The Tribes began publishing Smoke Signals, then a monthly newsletter, in 1978; it has since shifted to a twice-a-month publication schedule, and a tabloid newspaper format.

Culture 
The Confederated Tribes of Grand Ronde has a curriculum specialist who created tribal history lessons funded in part by Oregon Senate Bill 13, which supplies funds for each of the nine federally recognized tribes in Oregon to create curriculum about Native Americans' contributions to Oregon history.

A Chinuk Wawa immersion program is available for kindergarteners and first graders. The tribe published Chinuk Wawa: As our elders teach us to Speak It, a Chinuk Wawa dictionary, in 2012.

In 2010, the tribe built a plank house on the reservation. In 2011, Grand Ronde Canoe Journey, an exhibit about the tribe's canoe traditions, was installed at the Willamette Heritage Center.

Every year the reservation hosts powwows and a Round Dance.

The reservation today 
The community has an  Indian reservation, the Grand Ronde Indian Reservation, located in Yamhill and Polk counties of Oregon. In the 2000s, the tribe's population was over 5,500 members.

Economy
The Tribes employ around 1,600 people.

Since 1996, the tribes have generated most of their income by operating the Spirit Mountain Casino in Grand Ronde, between Lincoln City and Salem. The most successful casino in Oregon, it attracts considerable tourist traffic from the coastal beaches and resorts. Six percent of the casino's profits goes to the Tribes' Spirit Mountain Community Fund, which supports and funds various organizations in the following 11 western Oregon area counties: Benton, Clackamas, Lane, Lincoln, Linn, Marion, Multnomah, Polk, Tillamook, Washington, and Yamhill.  By 2017, the Spirit Mountain Community Fund had given more than $75 million to non-profit organizations, making it Oregon's eighth largest charitable foundation.
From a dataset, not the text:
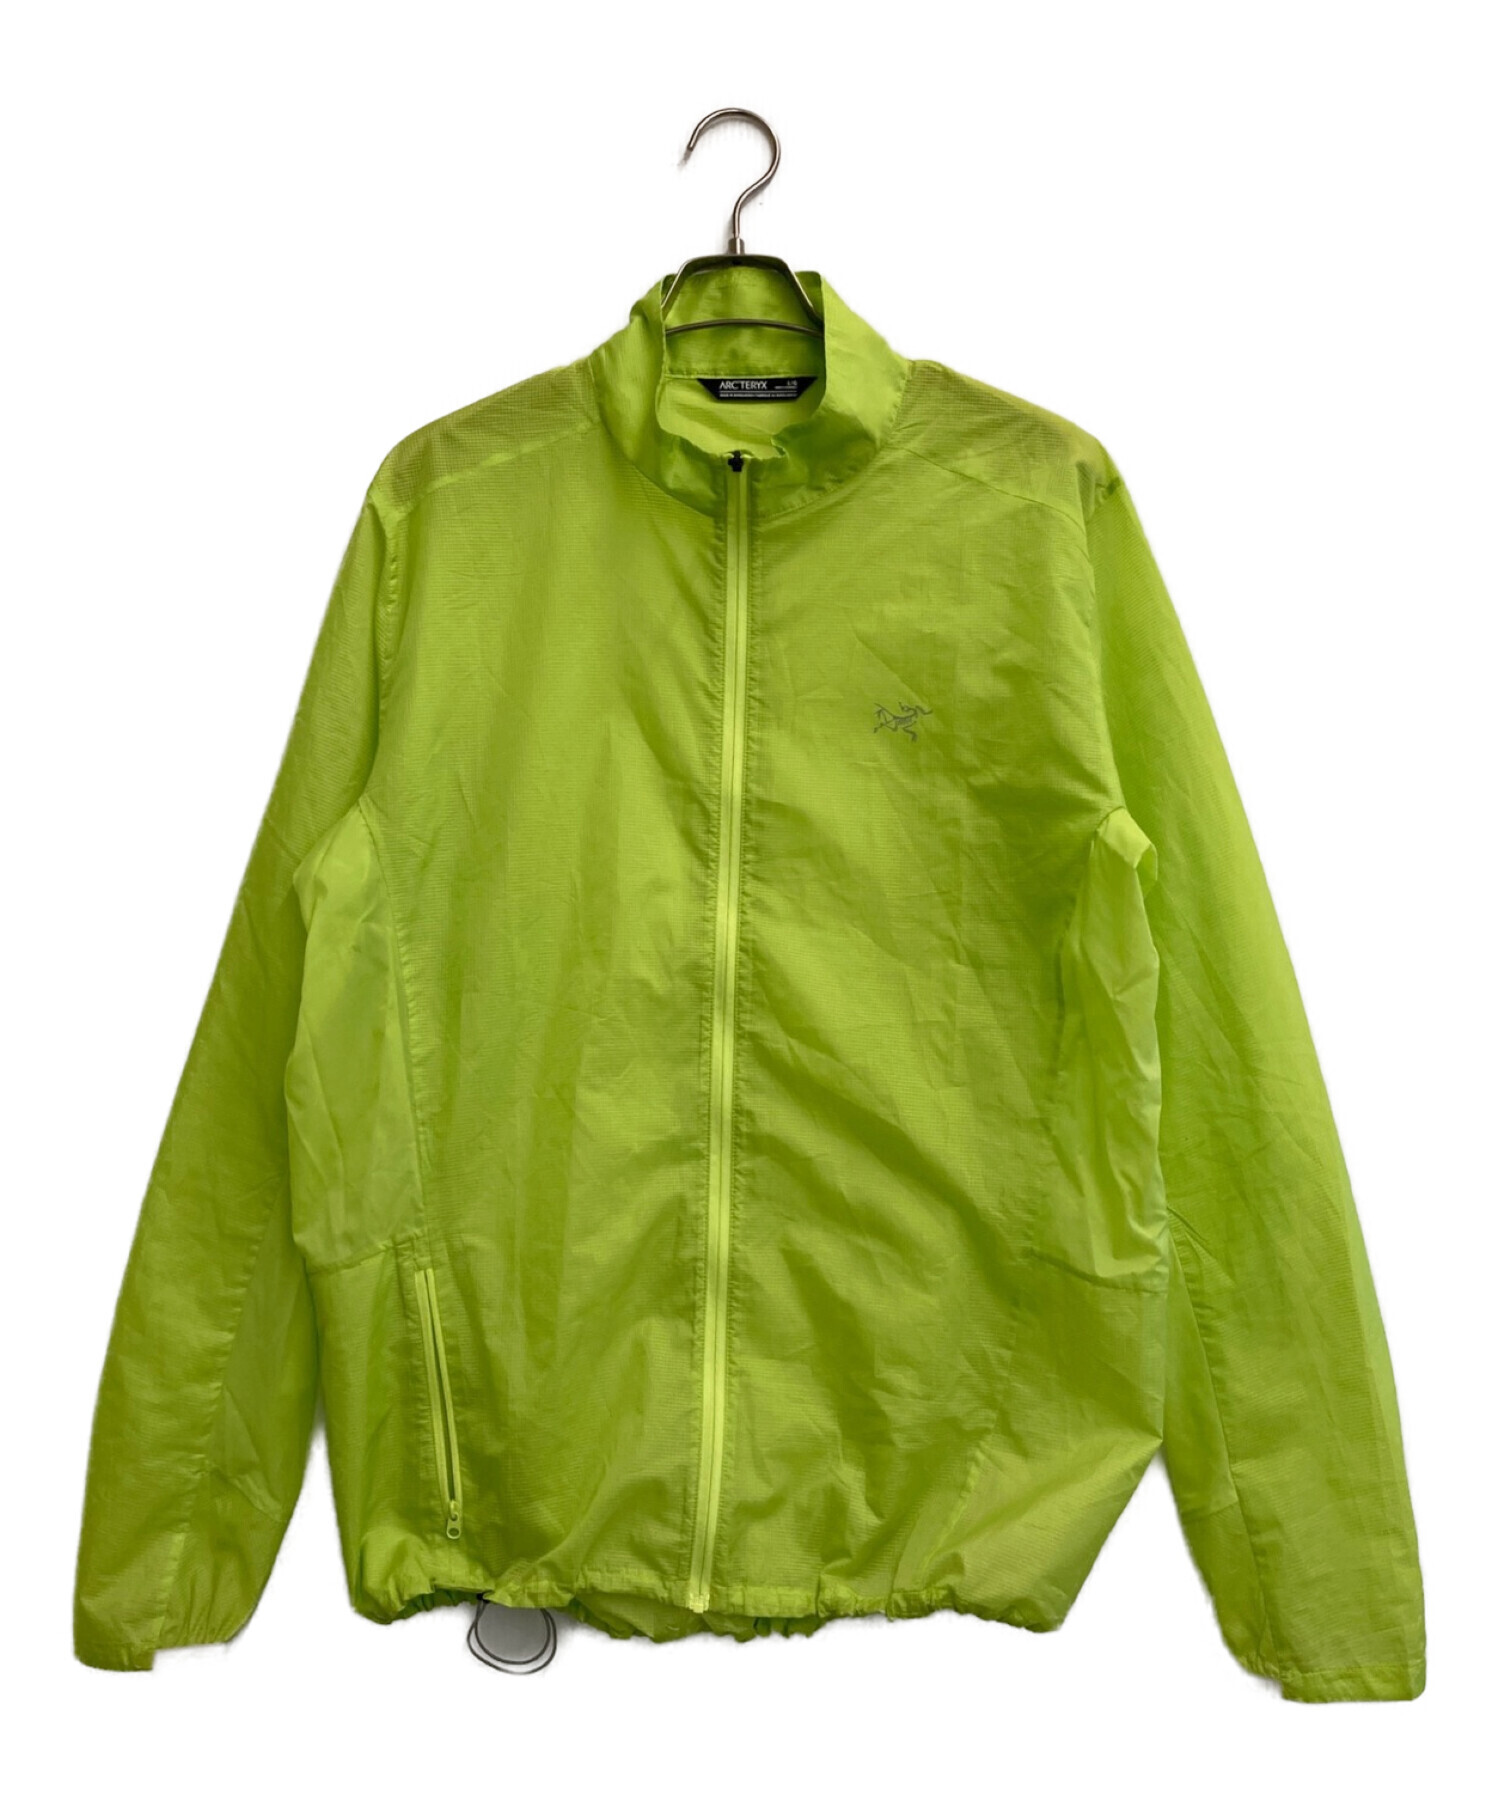 ARC'TERYX (アークテリクス) Norvan Windshell Jacket ライトグリーン サイズ:L

They also earn revenue from the management of their timber resources. They have developed "other tribal enterprises in construction and environmental management, real estate investment and inventory logistics services."

In the 21st century, the Grand Ronde tribes have opposed the Confederated Tribes of Warm Springs' plans to build an off-reservation casino in Cascade Locks, Oregon. They spent more than $800,000 trying to influence decisions on the issue by supporting certain candidates in the 2006 primary races for Governor of Oregon.

Tribal languages 
Historically the tribe had people speaking 27 distinct languages. Numerous members of these tribes could speak more than one language due to their proximity and trading relationships. The Oregon Territory was one of the most linguistically diverse regions in the world. On the reservation, most Native Americans began communicating using Chinook Jargon, the trade language that had developed earlier. The Chinook Jargon was widely spoken throughout the Northwest between tribes and newcomers to the region.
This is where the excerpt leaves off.